A brief but lively protest against tax cuts for the rich and the privatization of public infrastructure was held in front of the Water Mill home of one of President Trump’s advisers on Friday afternoon.
A coalition of Trump opponents erected a cardboard “tollbooth” and acted out a skit at Stephen A. Schwarzman’s house on Mohawk Lane, a quiet dead-end street near Mecox Bay. Mr. Schwarzman, a billionaire private-equity manager, chairs the Strategic and Policy Forum, a group of private-sector advisers to the president.
New York Communities for Change and Make the Road New York, which organized the hourlong protest, said Mr. Schwarzman’s firm, Blackstone Group, will reap massive profits from Mr. Trump’s economic agenda.
Steps away from a group of workers from Whitmores Landscape Service who were taking a break under a shady tree, demonstrators held up signs: “Roads, bridges, and tunnels must stay public,” one said. “No more giveaways to billionaires,” said another. They chanted, mainly in Spanish, “Schwarzman, escucha estamos en la lucha” (“Schwartzman, listen: We are in the fight”).
The group set up a “Trump Tollbooth” on Mohawk Lane, and another later across a cobblestone apron leading into the Schwarzman estate, to dramatize, in the form of an E-ZPass, the special treatment they say the wealthiest of Americans will get under the Trump administration.
In a speech, Pete Sikora of New York Communities for Change denounced the Saudi government’s $20 billion investment in Blackstone, announced when the president was in Saudi Arabia. “Trump’s infrastructure plan is a giant giveaway to Blackstone and Wall Street and Stephen Schwarzman, in order to give away public assets and jack up profits on our backs,” Mr. Sikora said. “We do not want our land sold off, our roads, bridges, and tunnels sold to the rich like Schwarzman in order to let them put tolls on these roads, bridges, and tunnels.”
“We’re here to say no to Lee Zeldin,” he added. Mr. Zeldin, a Republican, represents New York’s First Congressional District, which includes the East End. “He needs to step up and actually represent his district and say no to tax cuts for the rich, no to an infrastructure plan that sells off our roads, bridges, and tunnels and lets them put up these Trump tolls all over the country for the benefit of Blackstone, Steve Schwarzman, and other Wall Street investors.”

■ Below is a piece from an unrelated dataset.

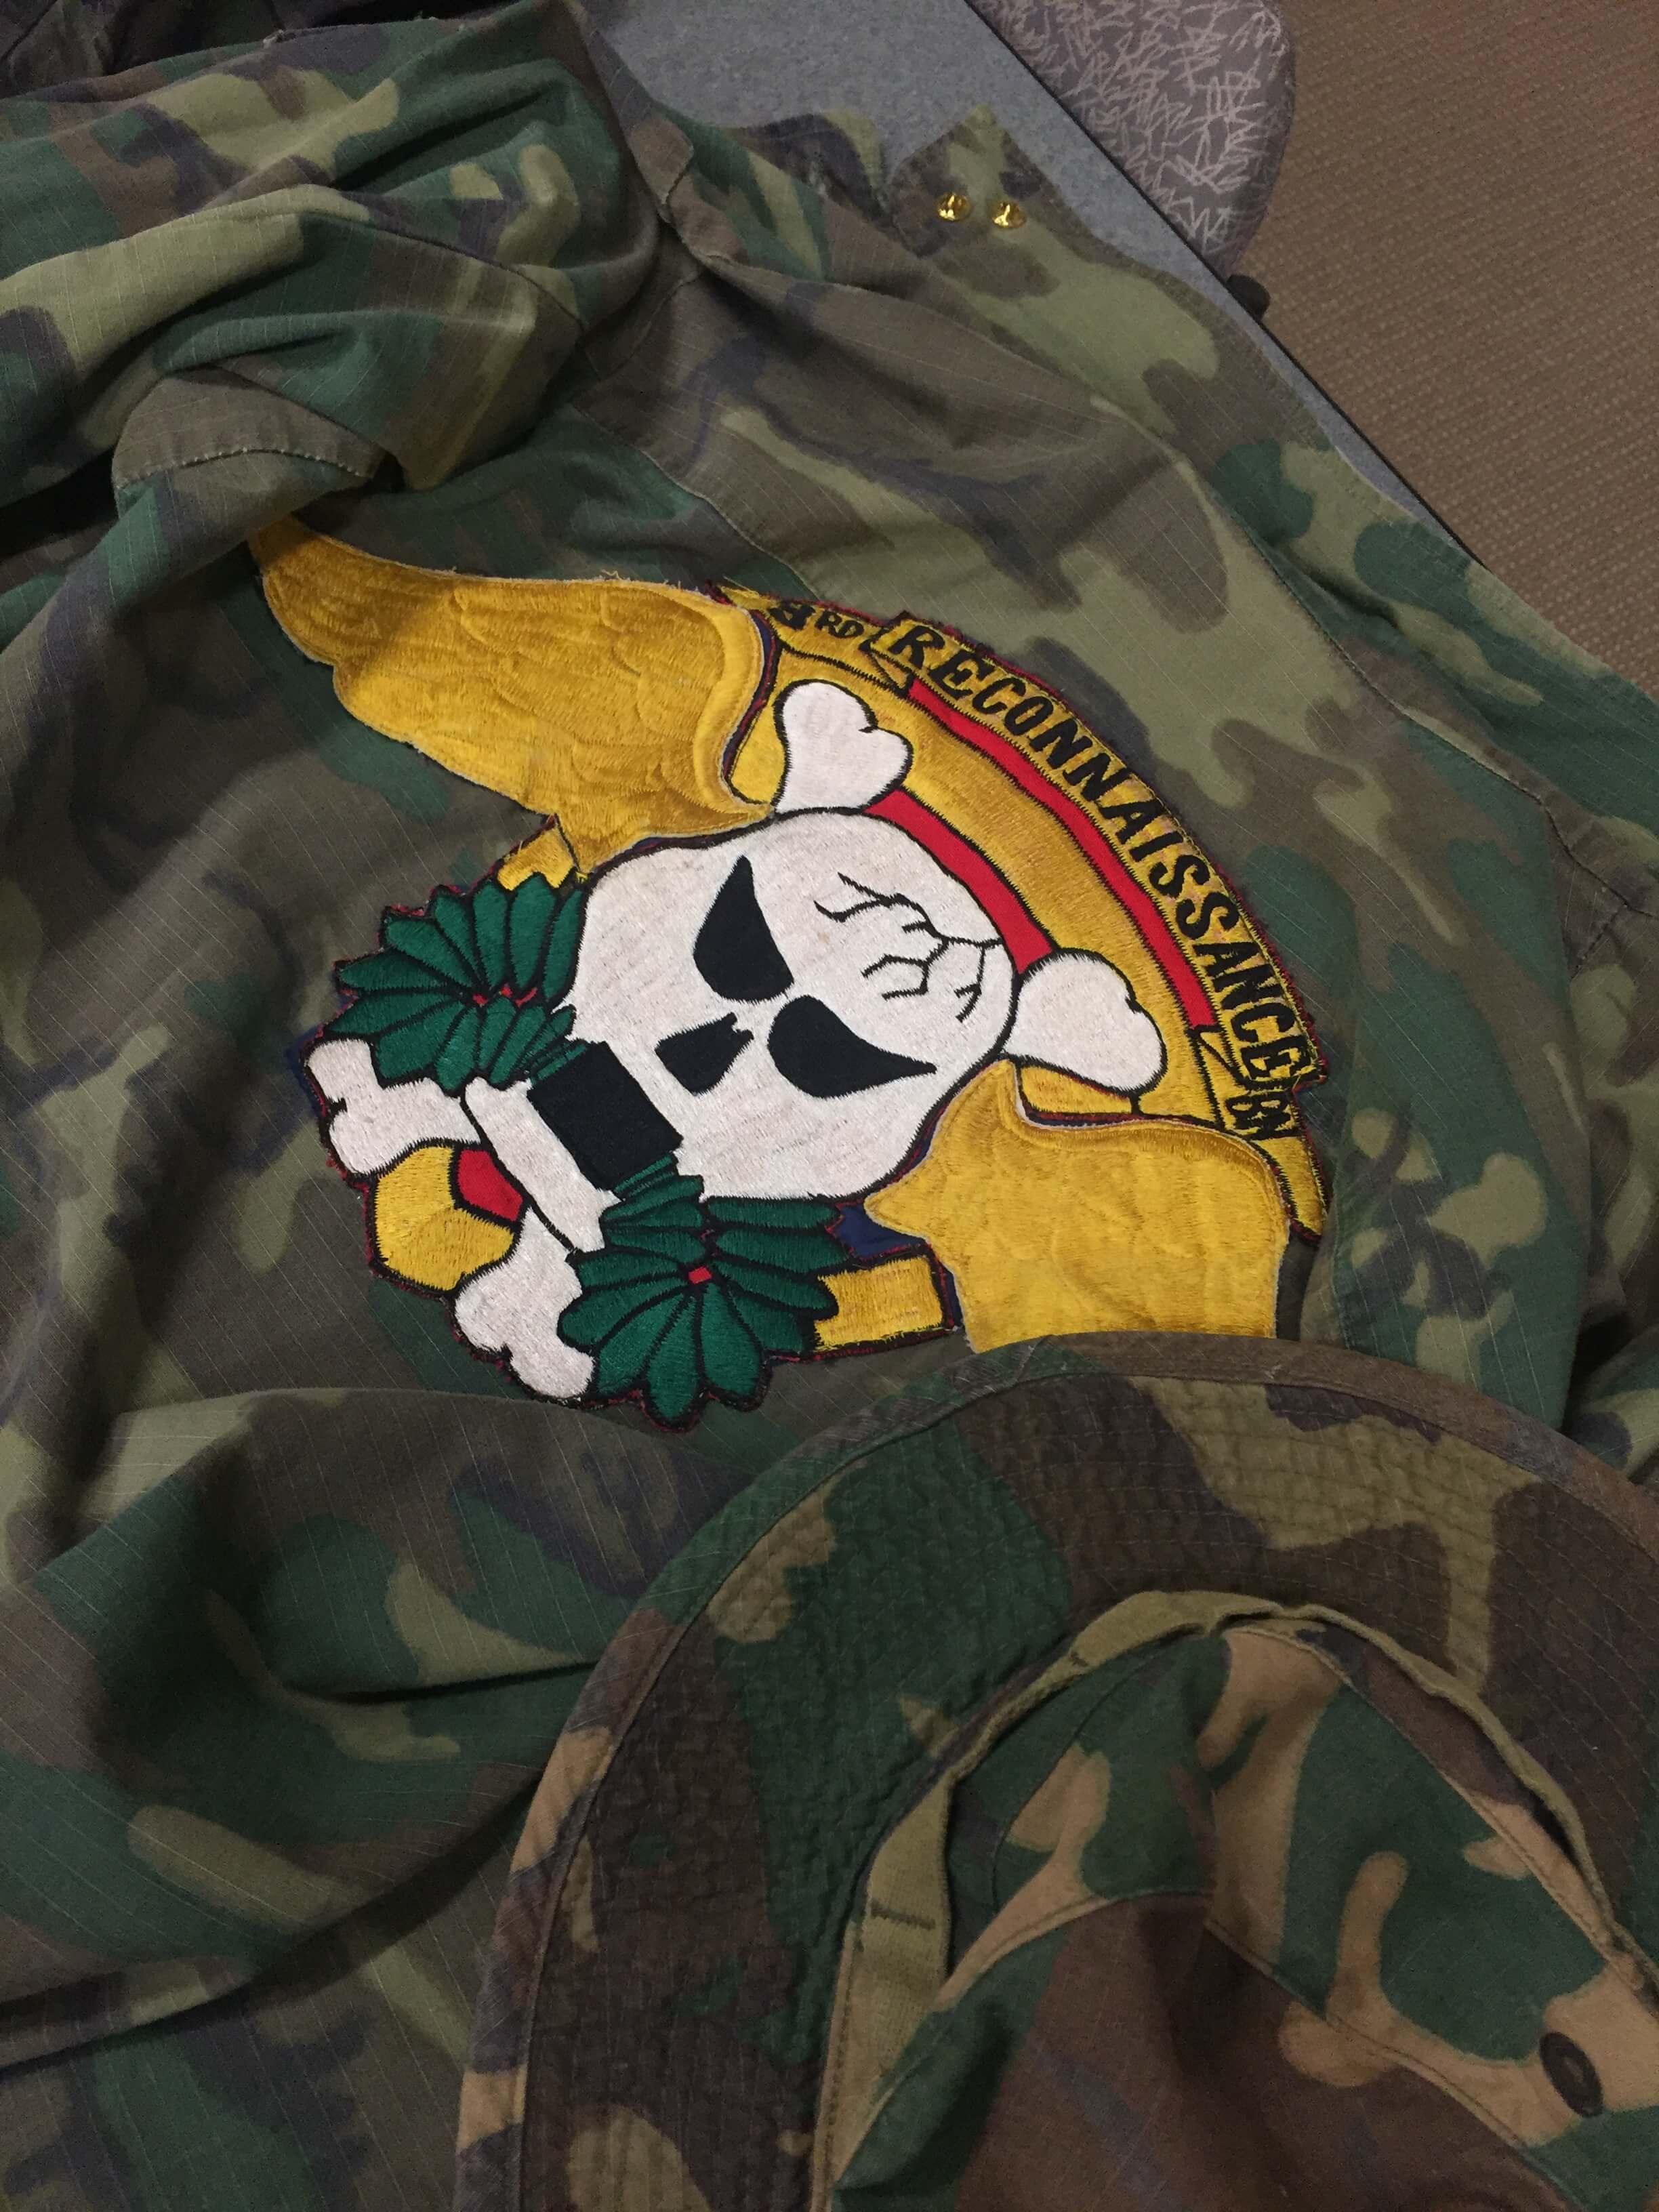 Vietnam veteran jacket

The protest broke up around 1 p.m., and the group got in vans to head back west, though not before a Southampton Town police officer arrived in response to a call from a caretaker who is a volunteer firefighter. He told police the protesters had blocked access to the house during an automatic fire alarm.
Whether Mr. Schwarzman was at the house at the time could not immediately be learned.